Hooke proposed that gravity heeds an inverse square law, and first hypothesised such a relation in planetary motion, too: a principle which Newton propounded in his law of universal gravitation. That was the underlying cause of the rivalry between Newton and Hooke.
In addition to their notorious scientific rivalry, Robert Hooke was very short, so he could not have been considered a ‘giant’.
It has always struck me as odd that a comment, so famous that it was inscribed on an English coin, was originally intended as an insult. At least John Clerk did not try to hide his purpose.

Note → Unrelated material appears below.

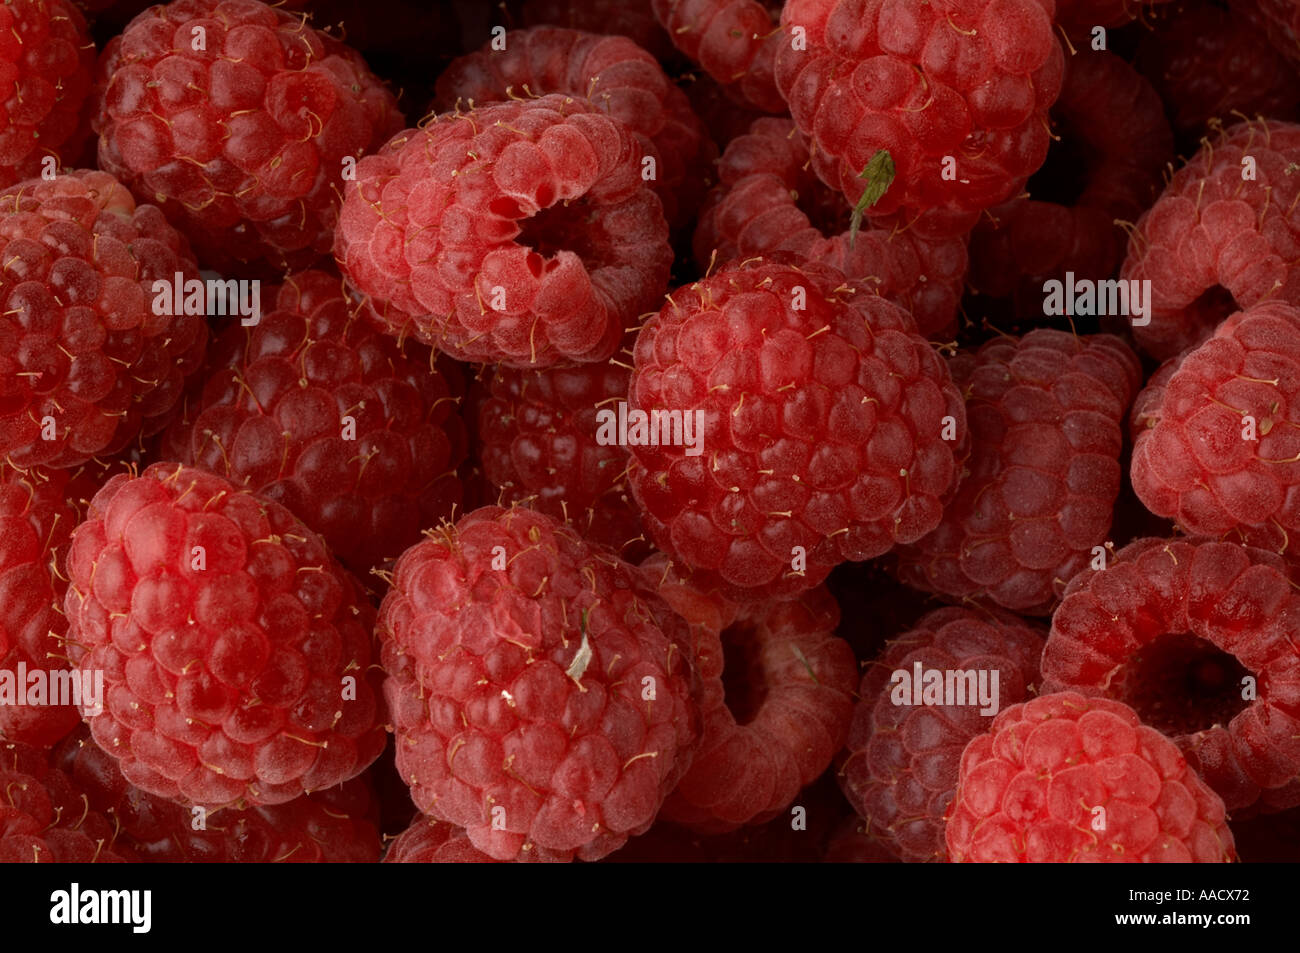 Rasberry Berry Berries Fruit Health Healthy Living Diet Vitamins Stock Photo 4110961 Alamy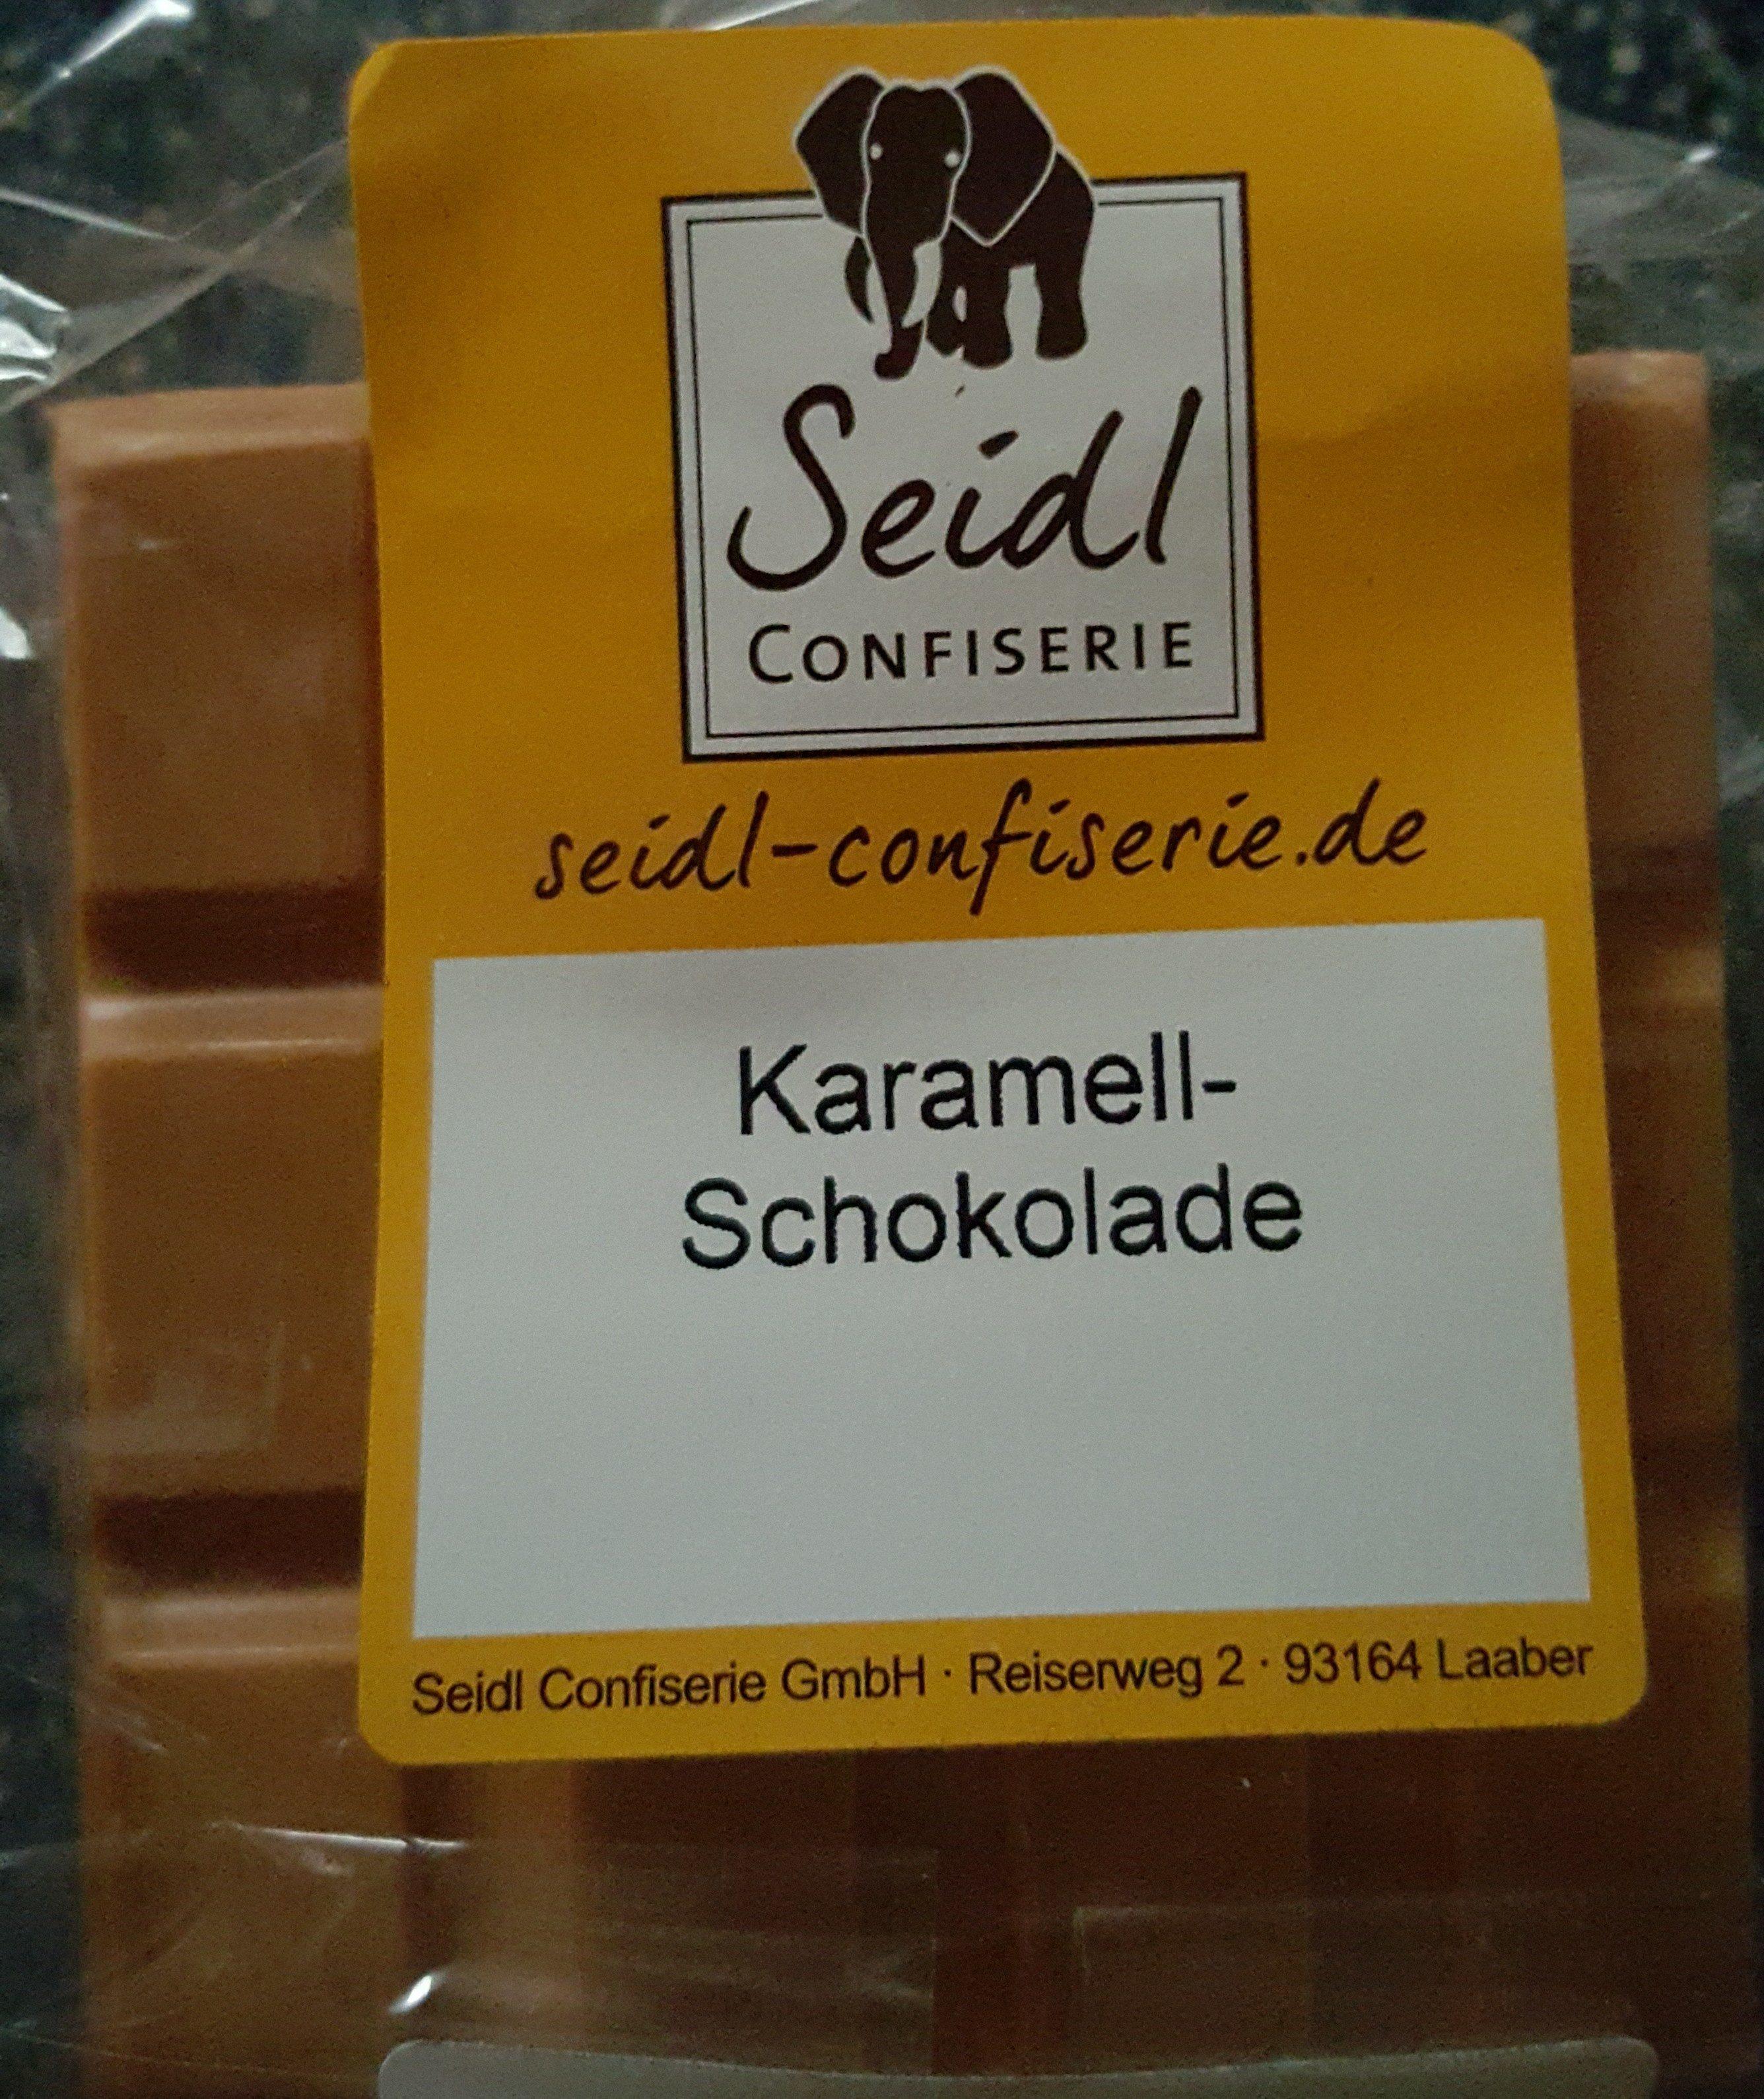 Karamell-Schokolade - Product - de

Quotations by Hooke are hard to find. That said, quotations by Newton are relatively rare (apart from the ‘shoulders of giants’ quote), and most books of quotations ignore some of the best observations by lawyers.
(For those who are interested in gathering quotations by lawyers R.E. Megarry wrote Miscellany At Law (1955), A Second Miscellany At Law (1973) and A New Miscellany At Law (2005). Although they do not contain any of the quotations above, they contain many excellent legal stories, across hundreds of years.)